Recipe: Homemade sweet potato chips
1 medium sweet potato
1 tbsp Olive oil
Preheat the oven to gas mark 6 and place on oven tray inside to heat up.
Wash and peel the sweet potato then chop into chip shapes.
After a few minutes, take the tray from the oven and add the sweet potato chips
Season the chips with a sprinkle of salt, chilli, paprika, garlic and herbs.
Place in the oven for 30-35 minutes until soft and fully cooked.
I just realised that much of my baking these days contains oats, I don’t know what it is about oats but they go so well with many baked foods like cookies, biscuits and bars. I’ve mentioned it quite a few times already but oats are a great source of dietary fibre and have a range of cholesterol lowering properties. These cookies are perfect for the morning as slow releasing energy or throughout the day as a tasty pick me up. I’ve added just enough sugar for sweetness and the cashew nuts remain smooth once baked. Cashew nuts are full of healthy nutrients and a great source of protein making them very popular with vegans.
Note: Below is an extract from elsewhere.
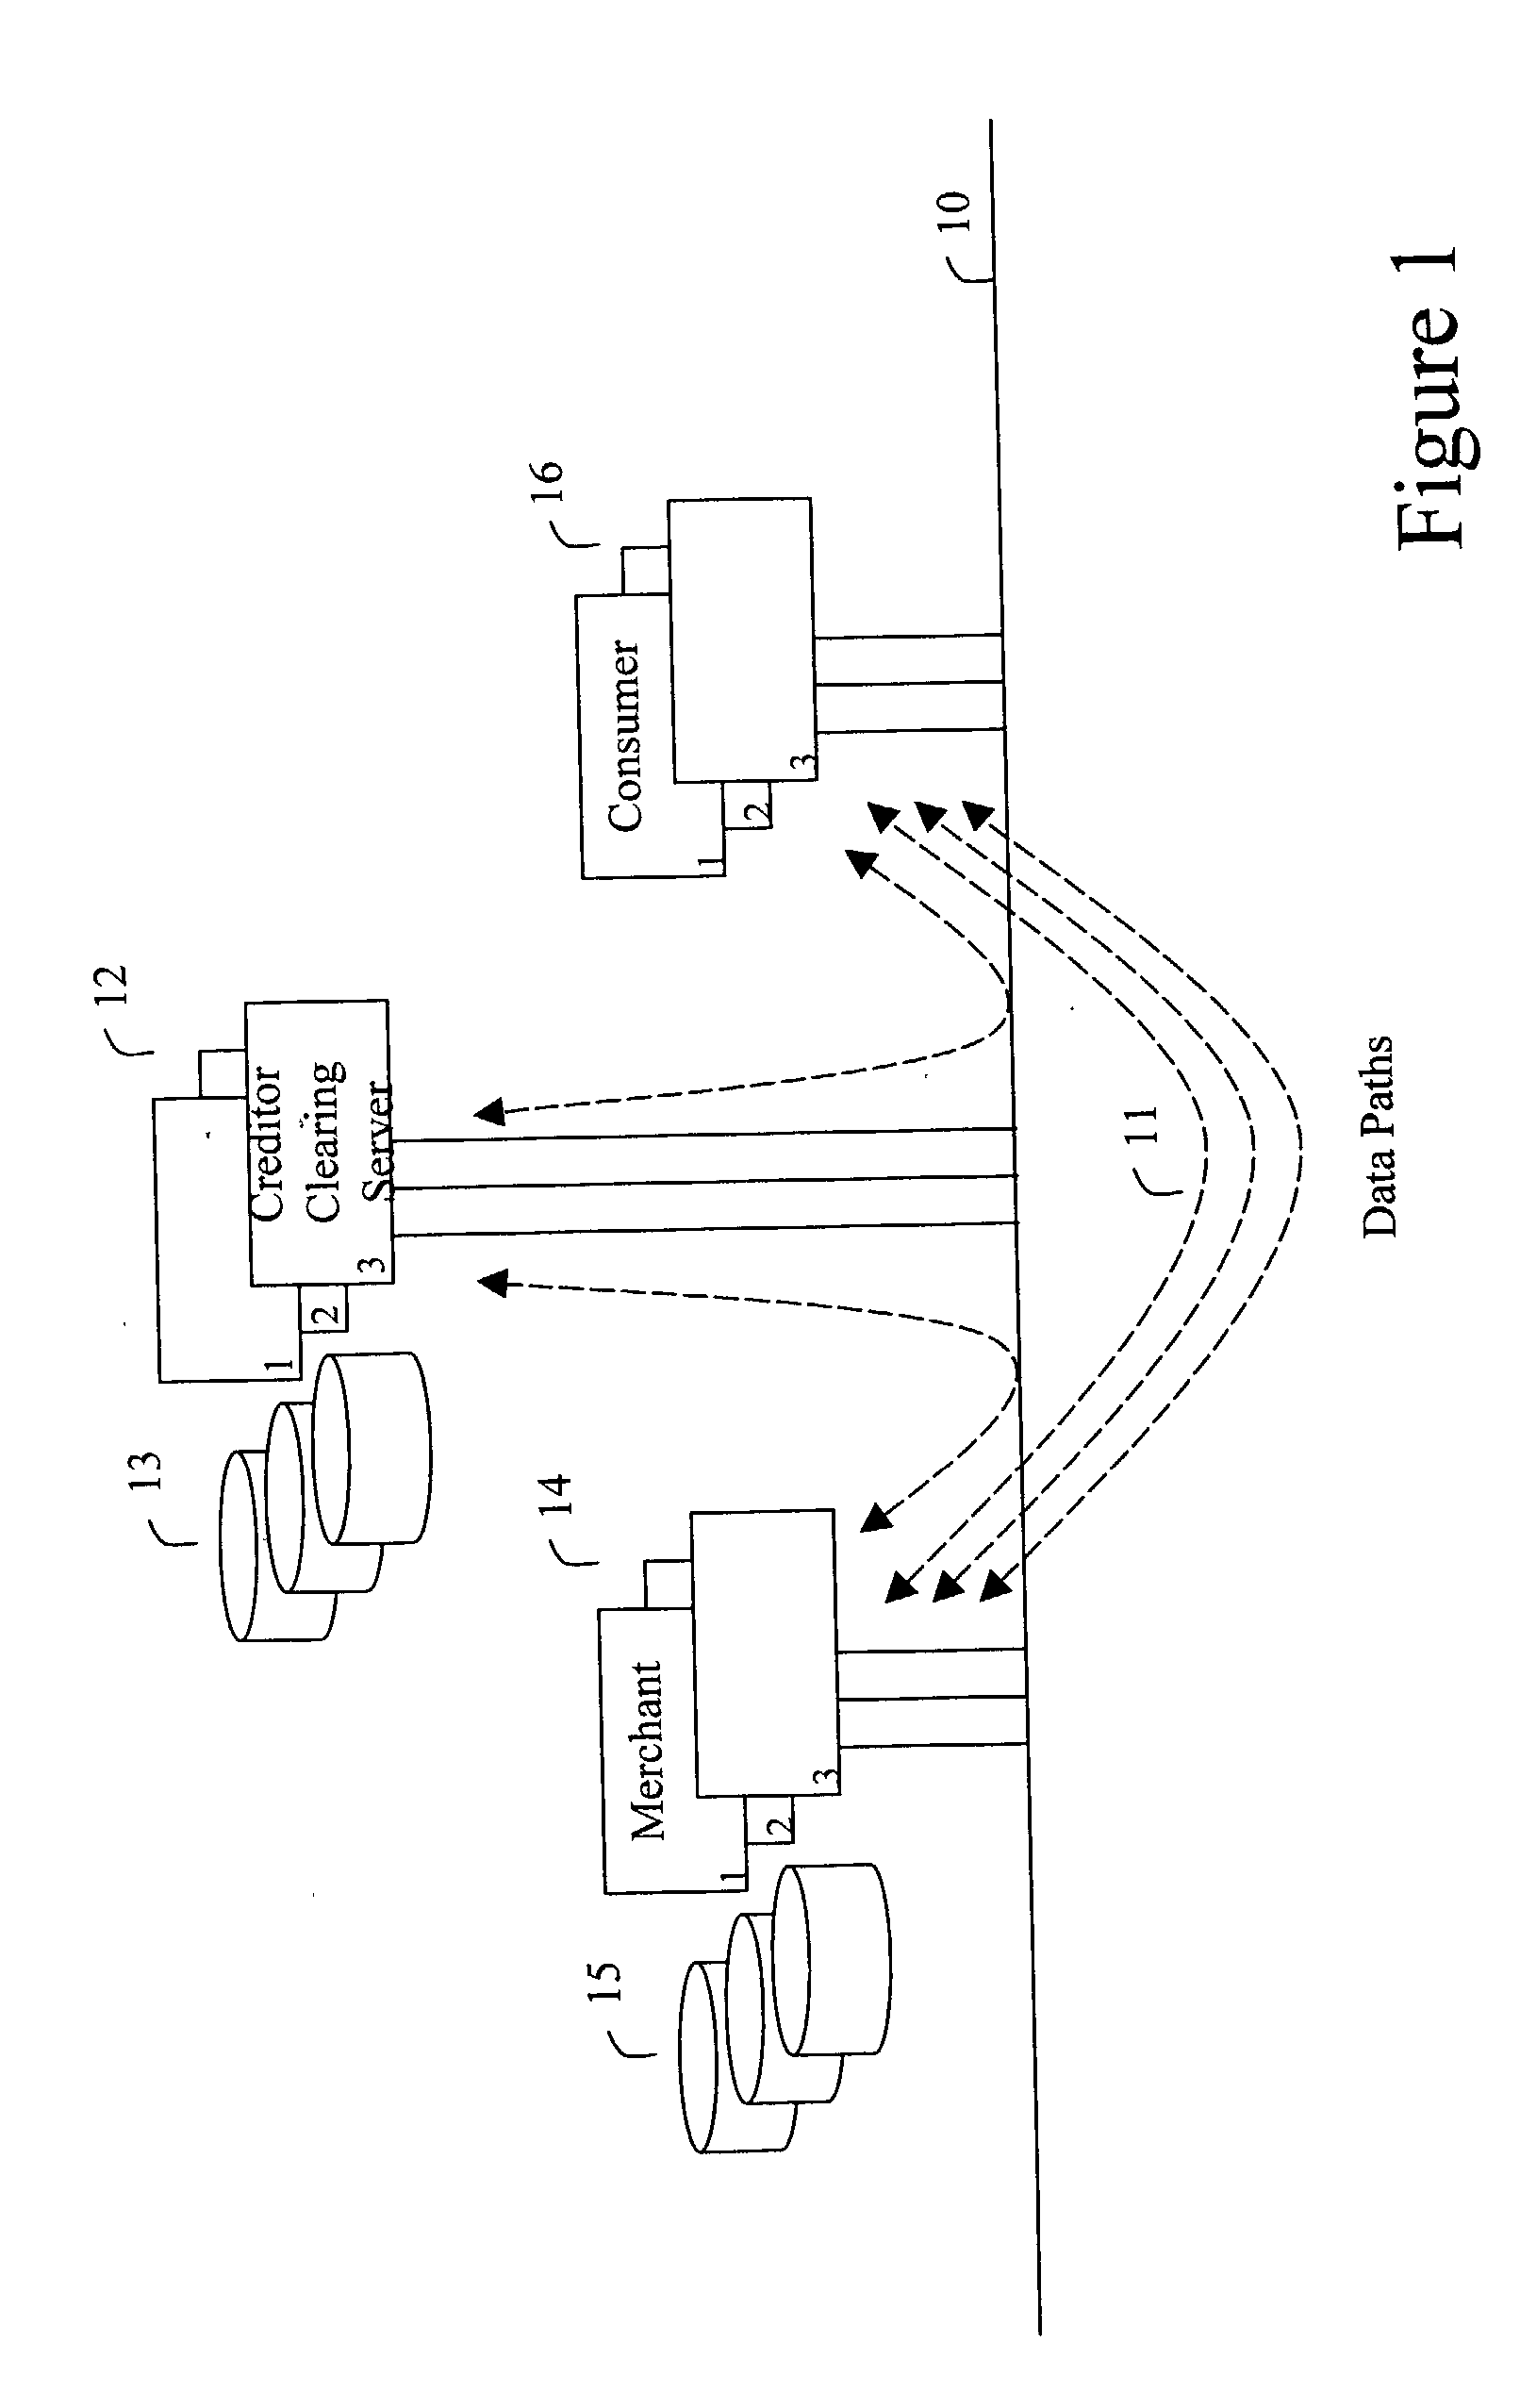 Method and apparatus for making secure electronic payments

Recipe: Cashew nut and oatmeal cookies (makes 18)
100g plain flour 1/2 tsp cinnamon powder Pinch of salt 1/4 tsp bicarbonate soda 1/4 tsp baking powder 110g butter 100g soft brown sugar 1 egg 1/2 tsp vanilla extract 130g oats 50g cashew nuts, chopped 2 Brazil nuts, chopped
Preheat your oven to gas mark 6 and line to trays with baking paper.
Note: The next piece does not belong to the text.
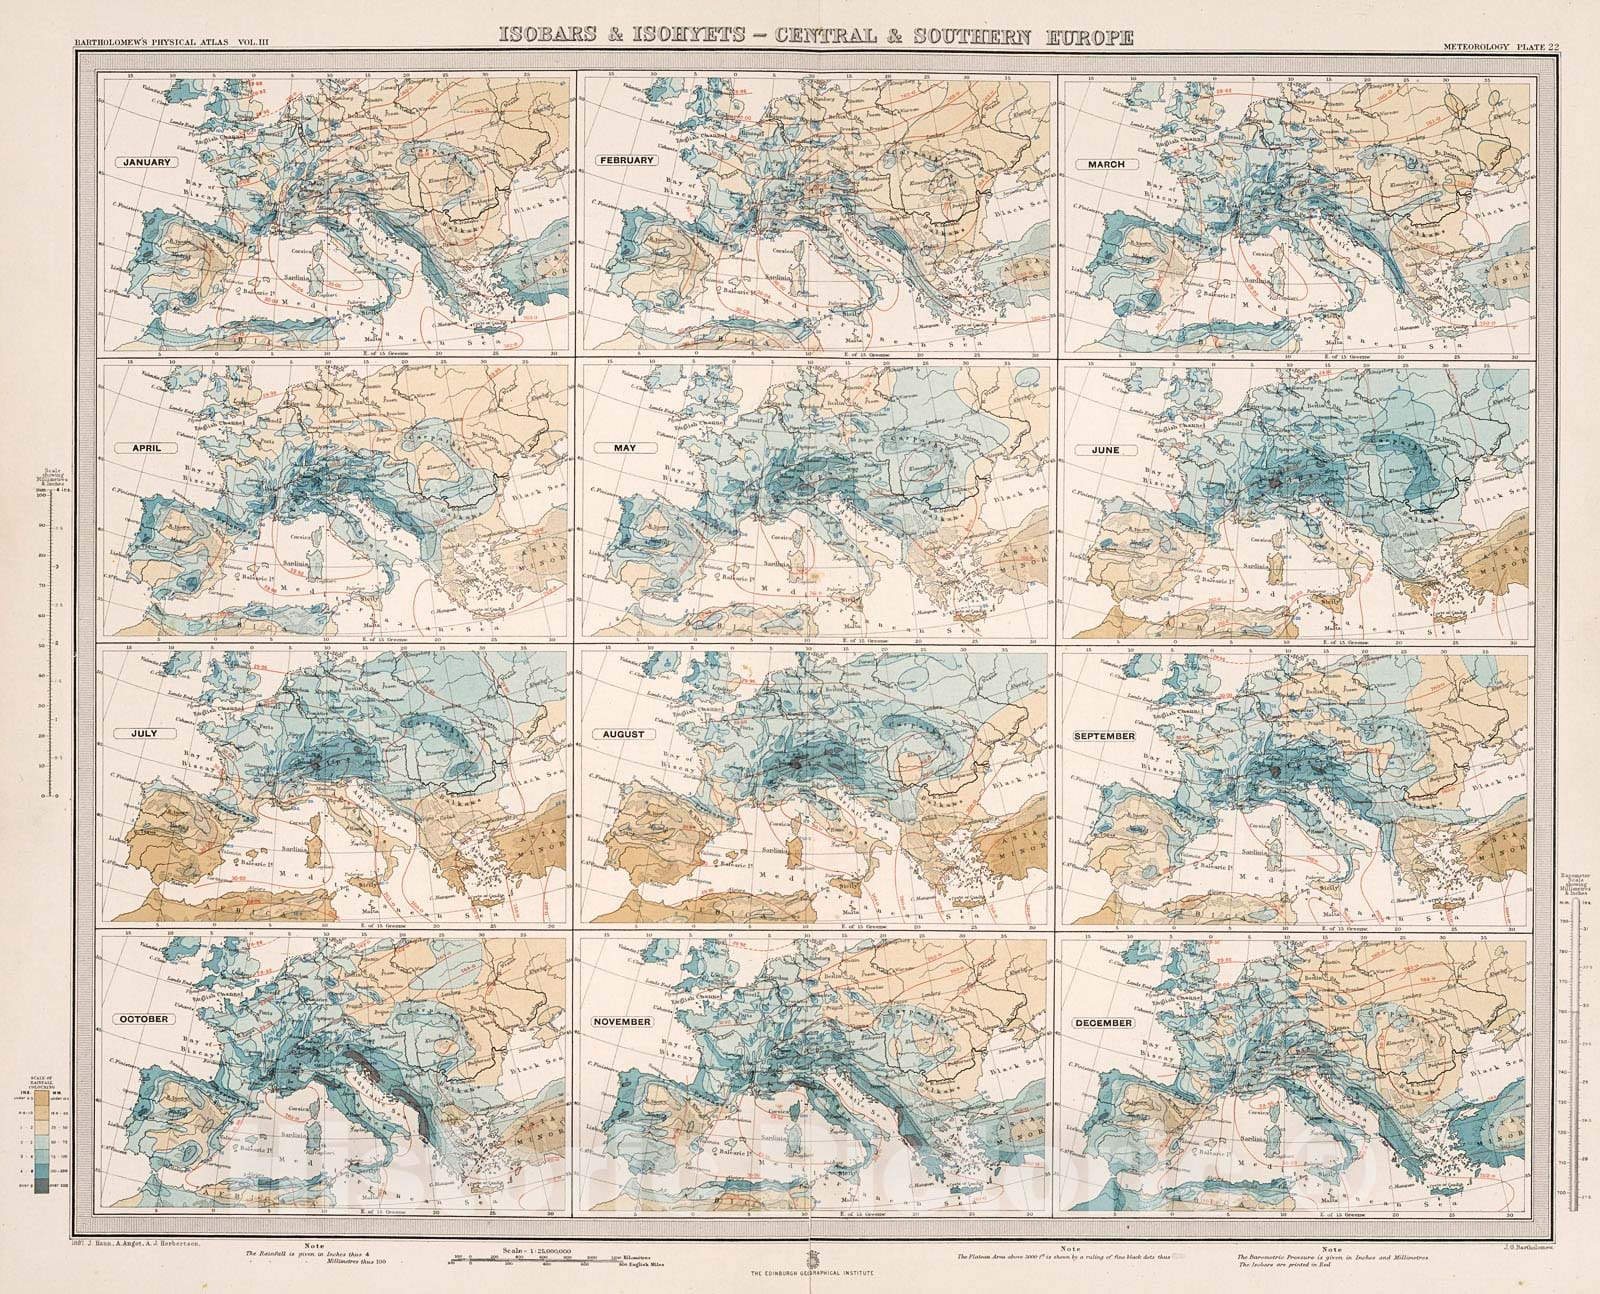 Historic Map : Plate 22. Isobars & Isohyets - Central & Southern Europe., 1899, Vintage Wall Decor

To a small bowl, combine the flour, cinnamon, salt, bicarbonate soda and baking powder.
In another larger bowl, cream the butter and sugar together then mix in the egg and vanilla extract.
Gently mix the flour mixture into the larger bowl, add the oats, and both nuts.
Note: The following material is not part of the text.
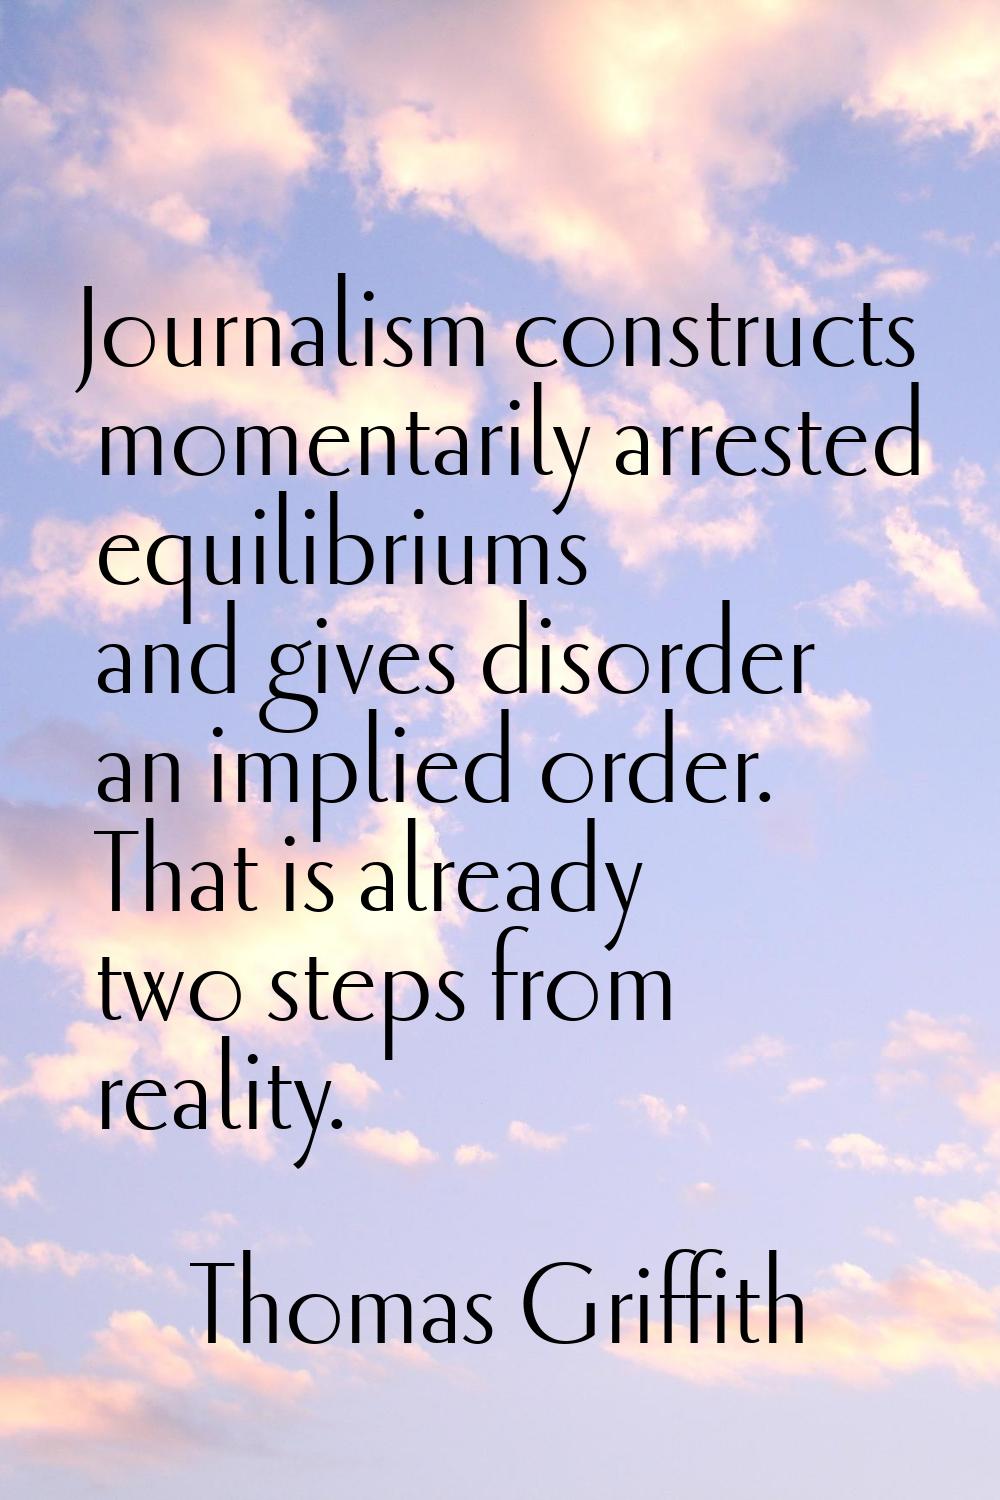 Journalism constructs momentarily arrested equilibriums and gives disorder an implied order. That i

Use a tea spoon to evenly add the mixture to both baking trays, leaving enough room for the to slightly spread.
Bake in the oven for 20 minutes, swapping the trays round after 10 minutes. They may seem soft but will go firmer once cooled down.
Hello, Everyone, I hope you are having a great day.
I think I ate quinoa 3 days in a row one week because I was loving it so much. It takes little time to cook and the quinoa is such a light grain that which makes it perfect for late evening meals. Usually after eating rice you can feel quite full or bloated even after a small portion but with quinoa you don’t feel full afterwards at all. This is a very basic recipe and sometimes the simplest things really are the best. There’s different components in this meal which adds to the taste, texture and aroma making it such a delight to eat.
Recipe: Quinoa and brussels sprouts salad (serves 1)
1 tbsp red lentils, soaked over night
150ml vegetable stock
1 tbsp pumpkin seeds, toasted
1 tsp desiccated coconut
1 inch spring onion, finely sliced
3 Brussels sprouts, shredded
Pinch of chilli powder
Wash the quinoa and lentils in a small pan the pour in the vegetable stock. Place on a medium heat and leave to simmer gently for 20-25 minutes until both are fully cooked.
In the meantime, prepare the other ingredients and set aside in a bowl. Toast the pumpkin seeds in a dry pan, slice the Brussels sprouts and cook in a dry pan for 3 minutes until slightly cooked and slice the spring onion. Also, add the desiccated coconut to the bowl.
Once the quinoa is done, mix everything into the pot and serve.